Queen Elizabeth High School (QEHS) is a coeducational high school and sixth form located in Hexham, Northumberland, England.

History
The school was founded in 1599. Thomas Stackhouse, afterwards an Anglican clergyman and theologian, was headmaster of the school from 1701 to 1704. The school is in a multi-academy trust (Hadrian Learning Trust) with Hexham Middle School. The head of school is Neal Seaton, and Graeme Atkins is the Executive Headteacher, having previously headed Northwood School. The school currently uses one building, split into 4 sections; Causey, Leazes, Fellside and The Hydro.

The school received a £36 million investment from the government and Northumberland County Council to expand the "Hydro" building, while demolishing the old 'lower school' and adding state of the art facilities. The new building also incorporates Hexham Middle School, although the students do not mix. During this time, the school rebranded to a new design.

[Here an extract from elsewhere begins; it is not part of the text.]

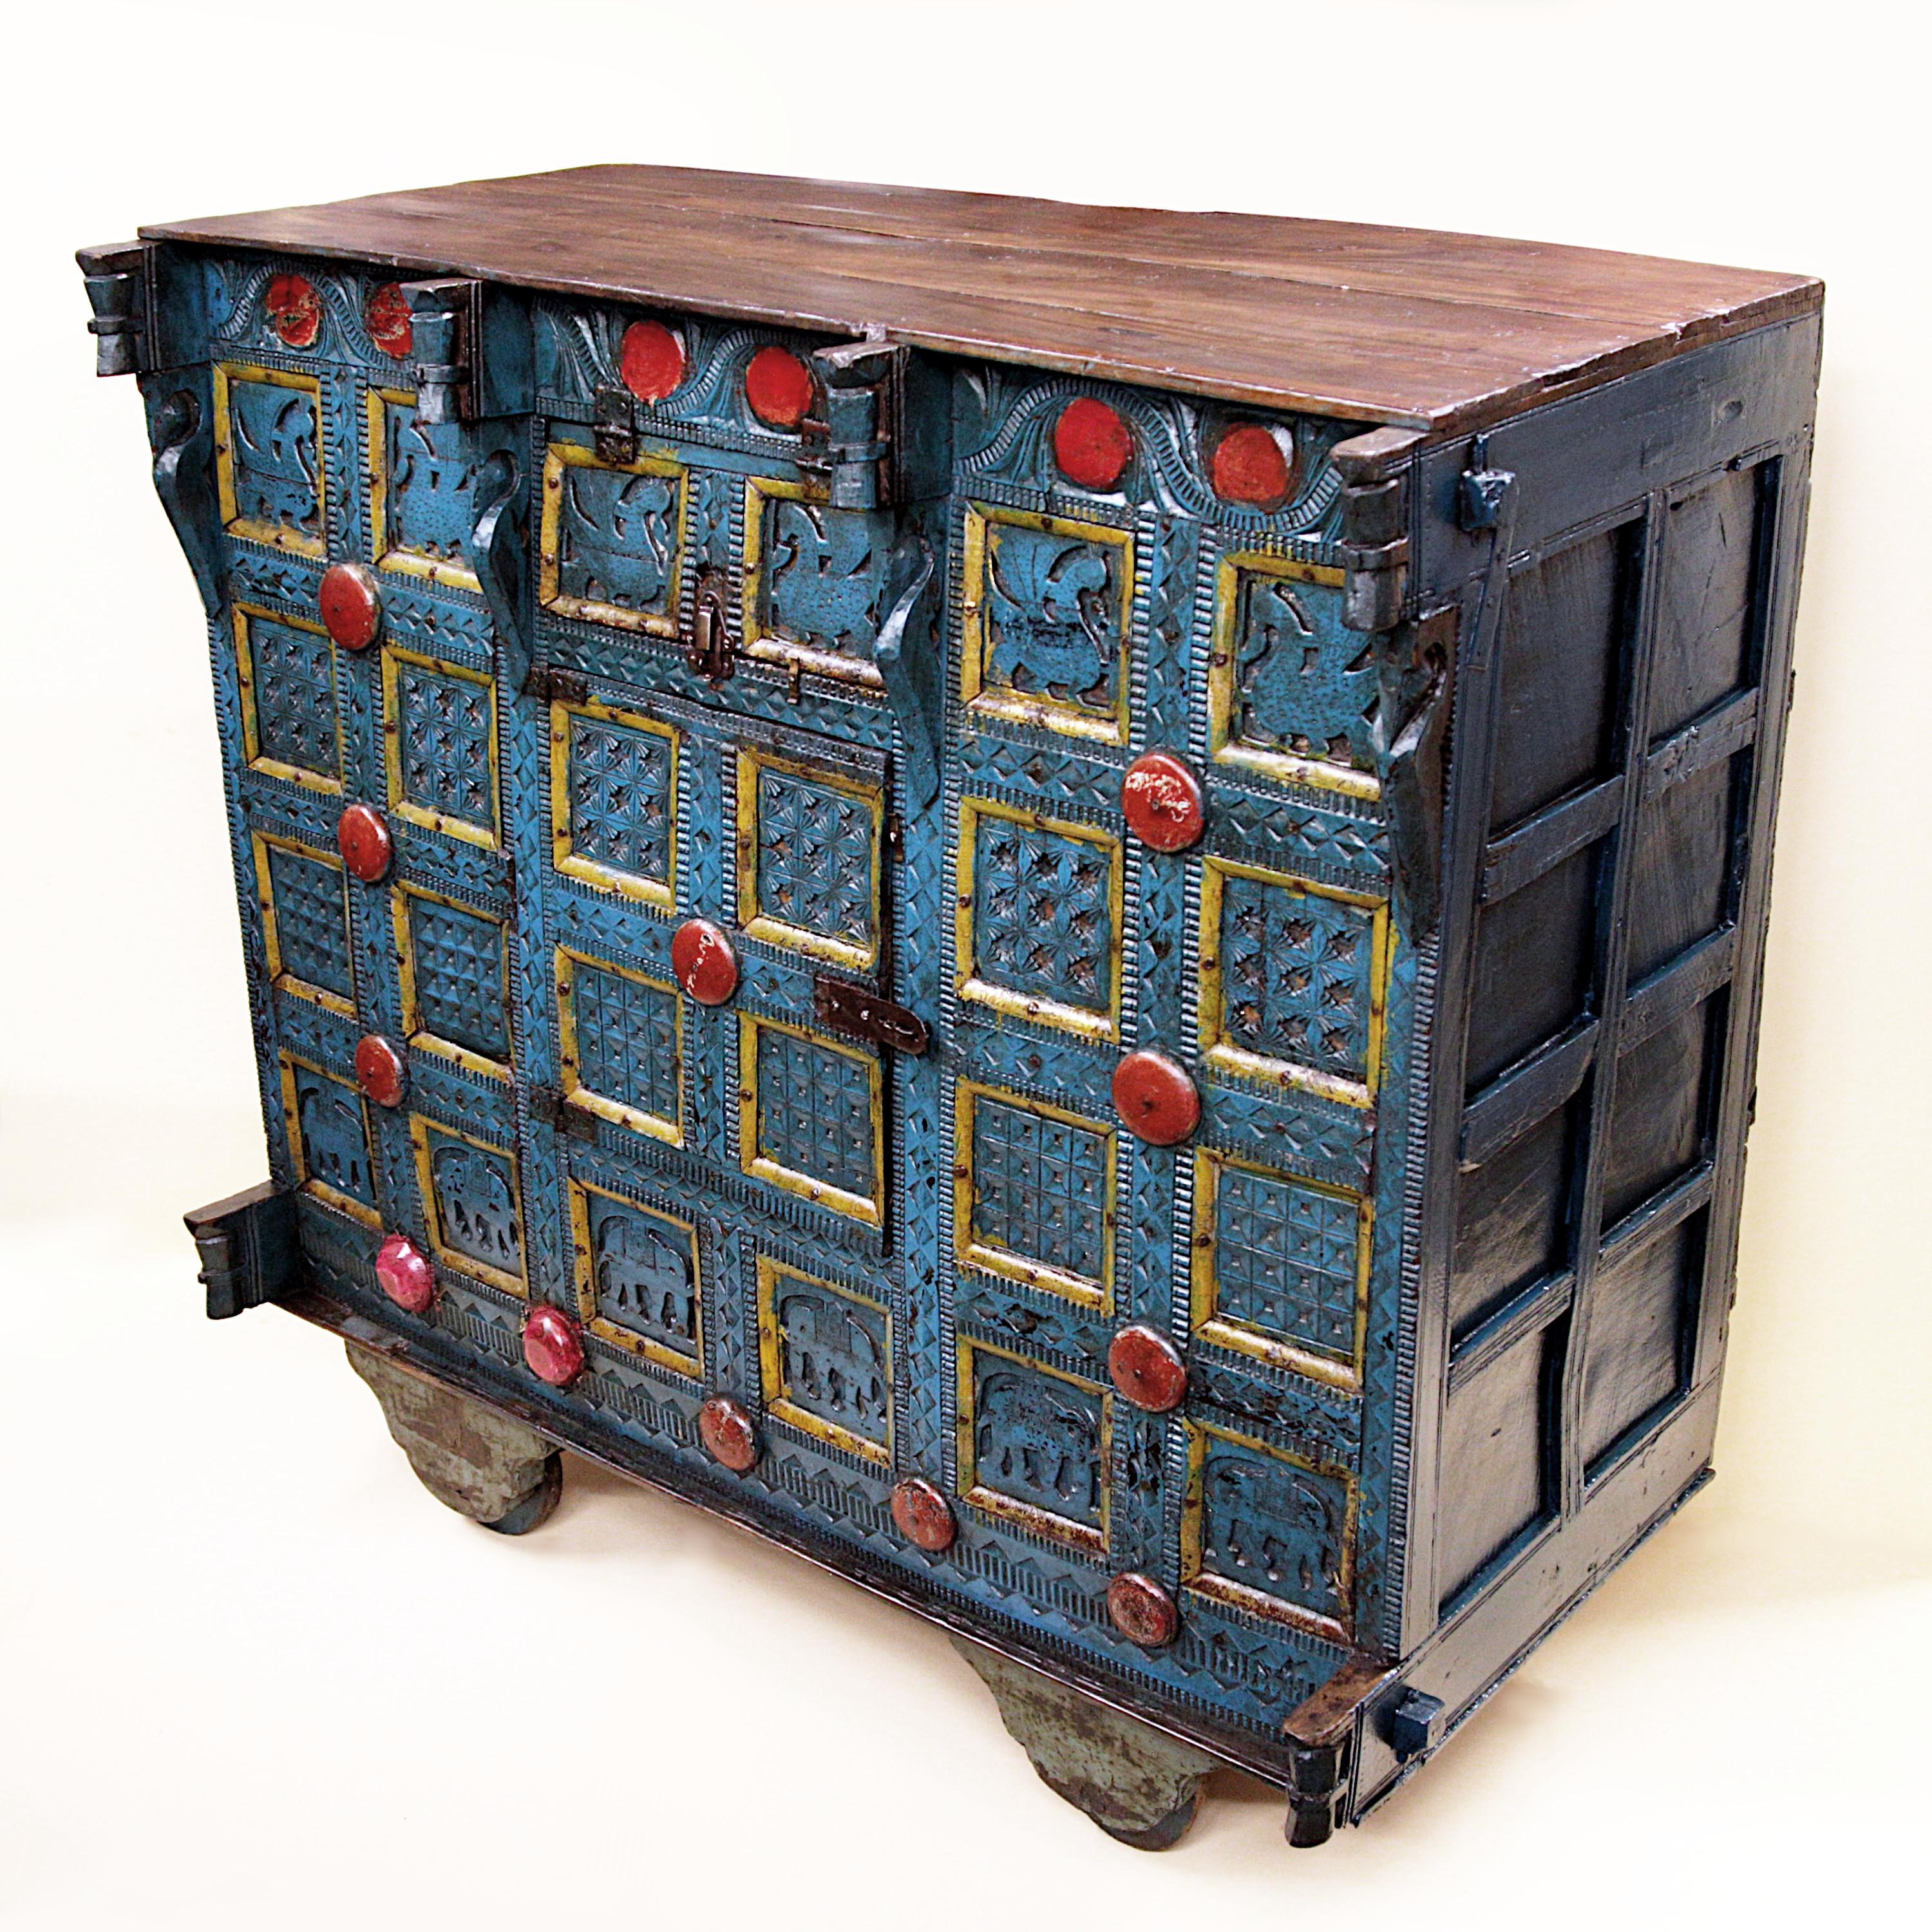 Wonderful early 20th century merchants chest/trunk. Chest features solid wood construction, ornately carved decoration, iron hardware, and wheels. Cabinet has been fully painted in bright, primary colors that beautifully accents the carving. With

The work was completed in September 2021, after a short delay.

Admissions
It has approximately 1300 students, of whom 380 are in the Sixth Form. Northumberland LEA currently operates a three-tier system, so QEHS has students aged between 13 and 18.

The school is part of the Tynedale Virtual College, a collaboration between the four high schools in the Tyne Valley and Northumberland College.  The TVC seeks to provide vocational learning across the area.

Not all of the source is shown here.